WHAT THE TASK REQUIRES: Going through the material below, output exactly the lines from the one containing "Consolidated Statement of" through the one containing "2007, Charcoal on Paper, 36 x 29 in.", and no pictures.

DATA TO USE:
==========

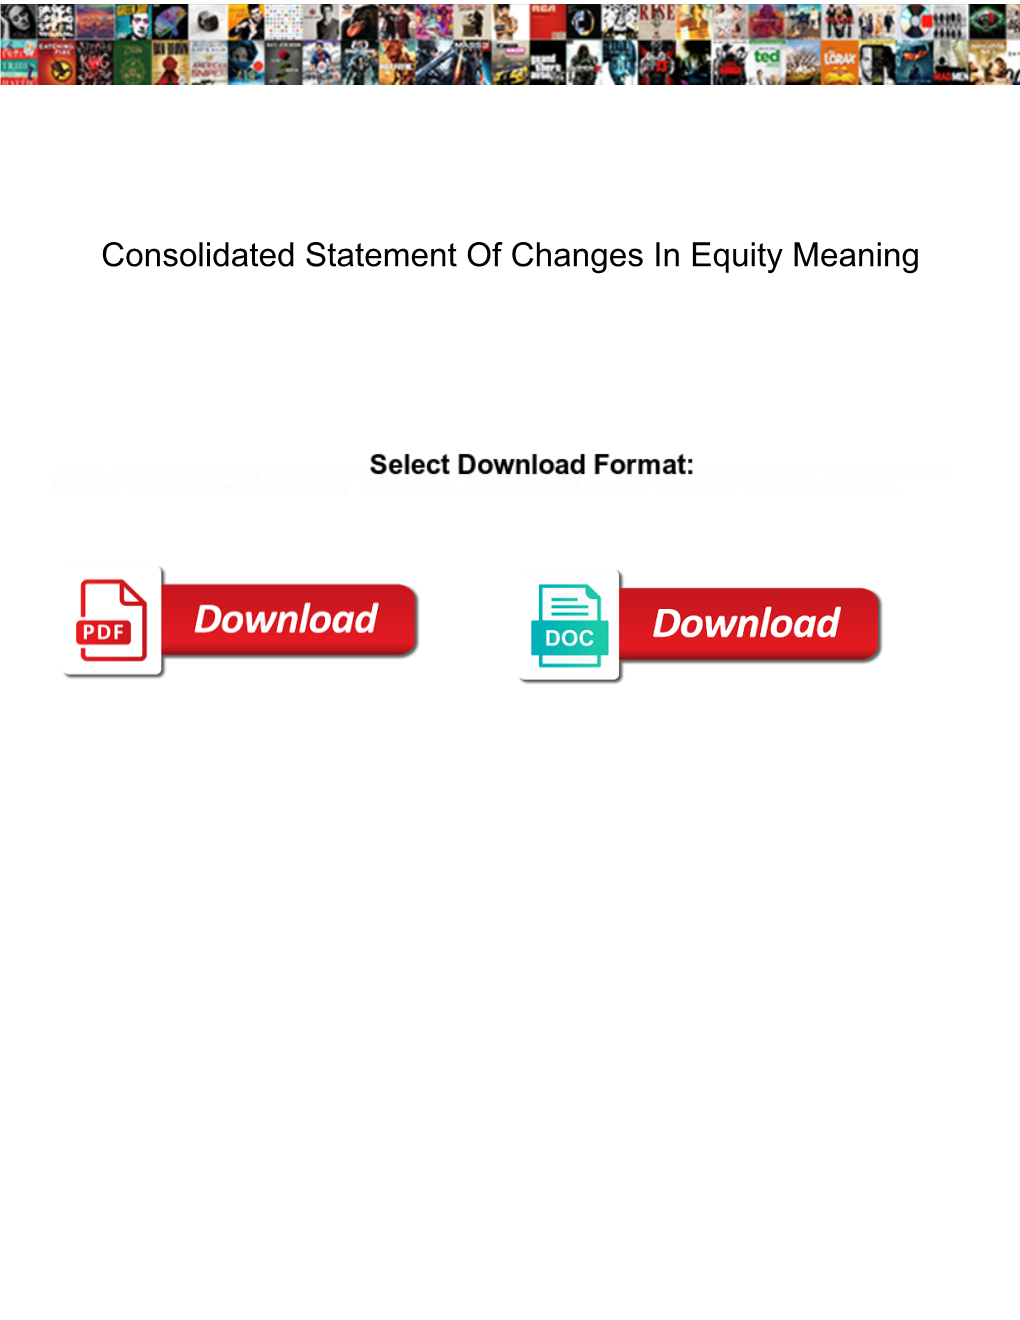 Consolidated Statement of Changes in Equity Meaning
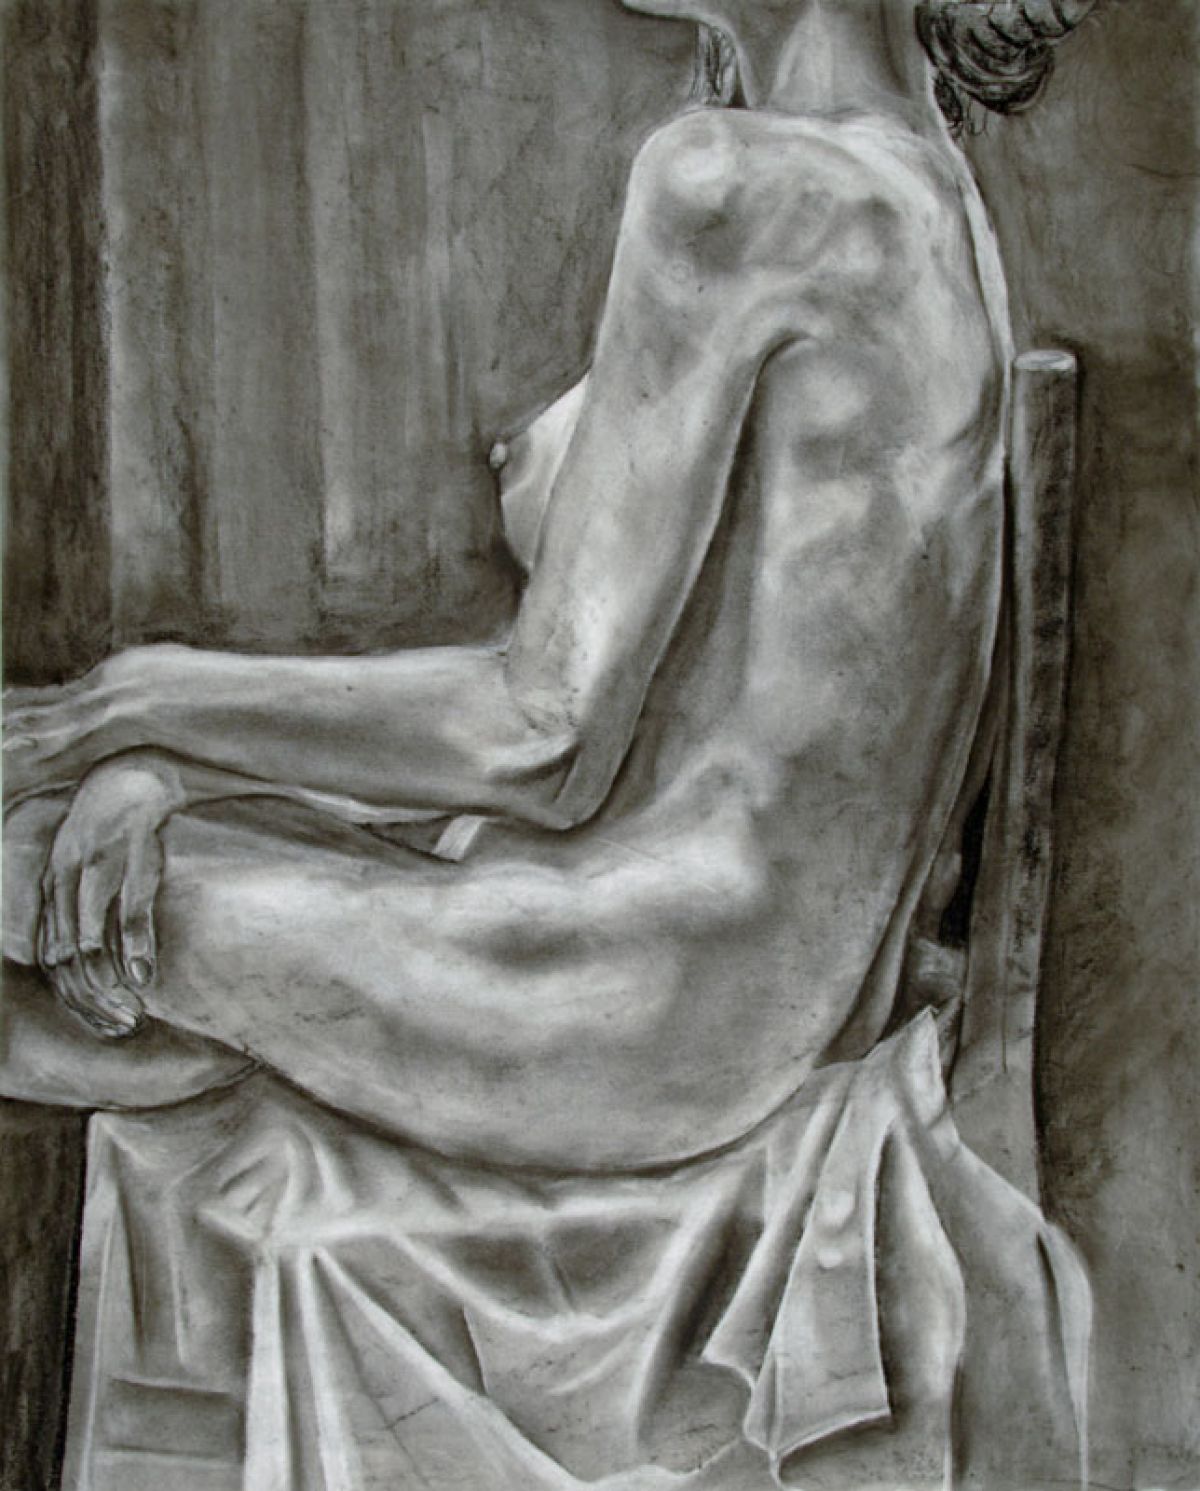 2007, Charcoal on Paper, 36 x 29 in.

==========

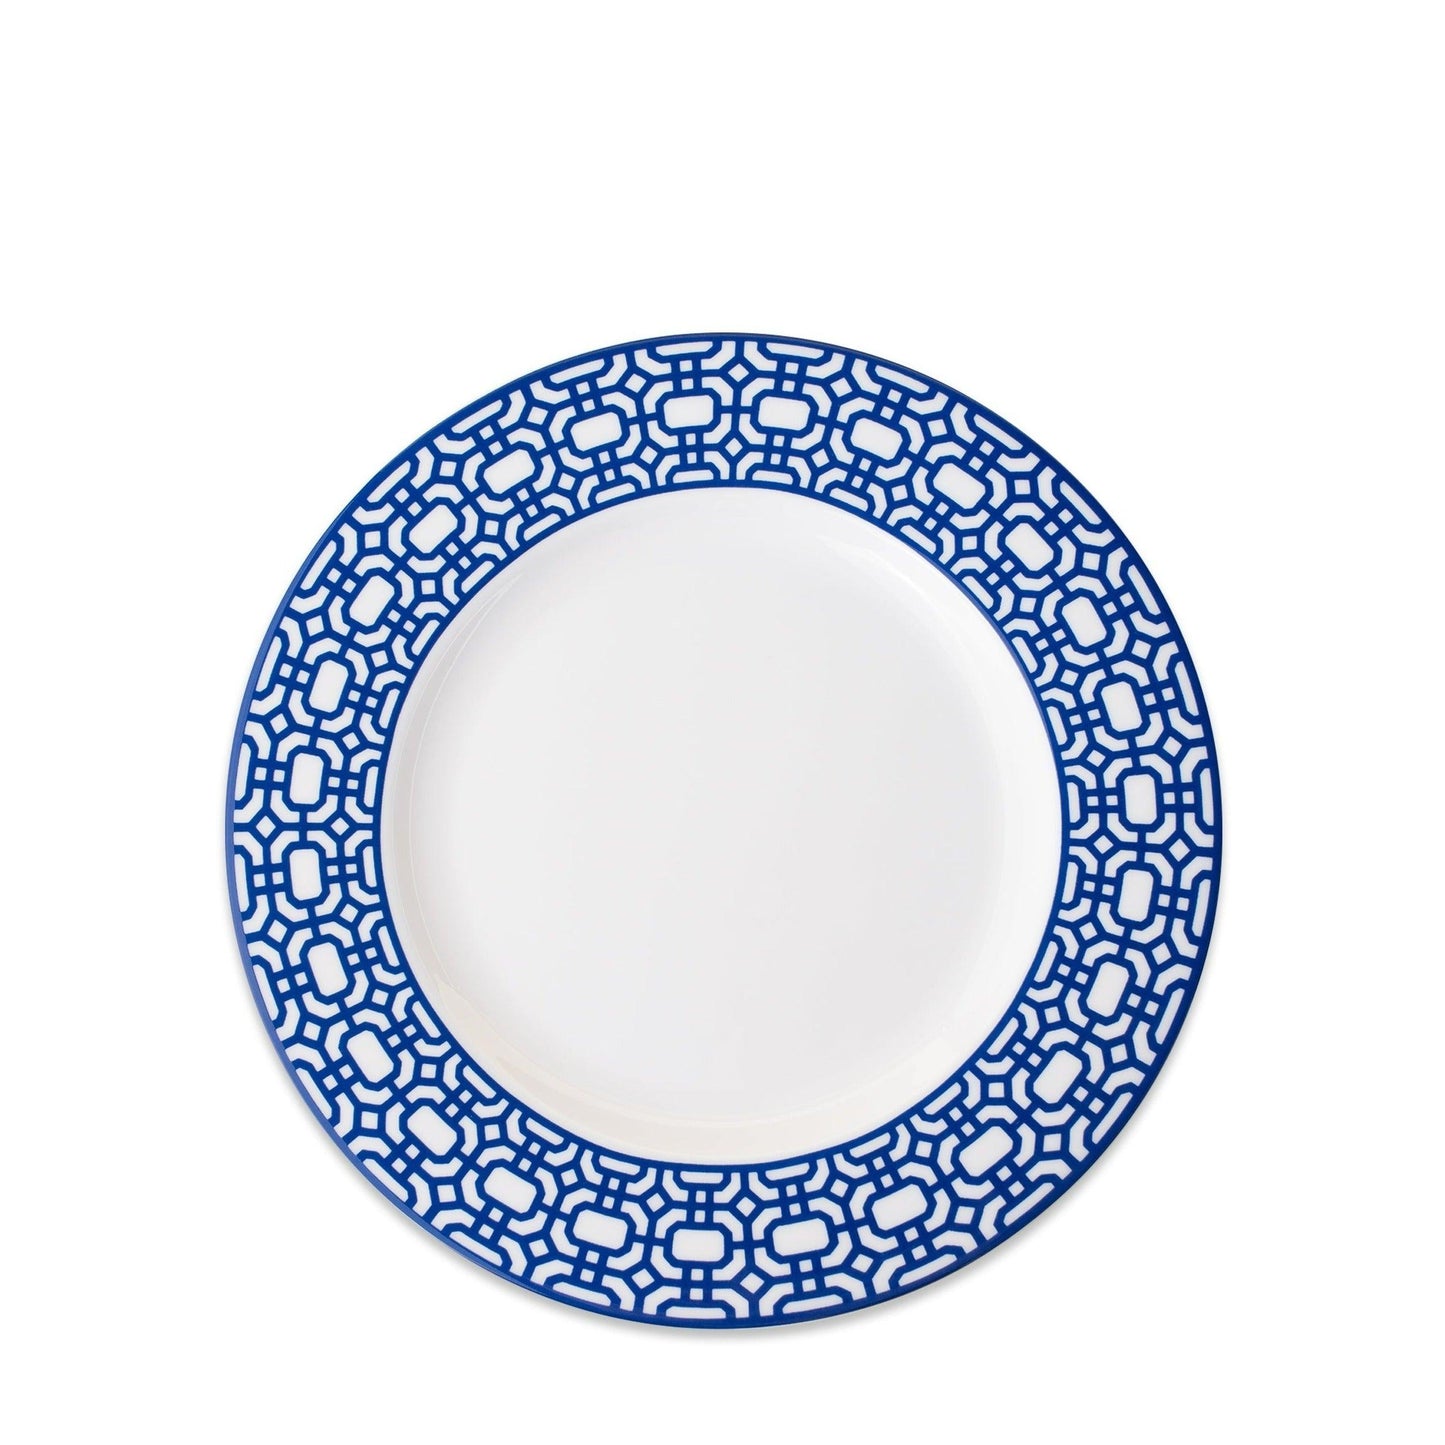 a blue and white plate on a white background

==========

SOLVED EXERCISE:
 Consolidated Statement of Changes in Equity Meaning
 2007, Charcoal on Paper, 36 x 29 in.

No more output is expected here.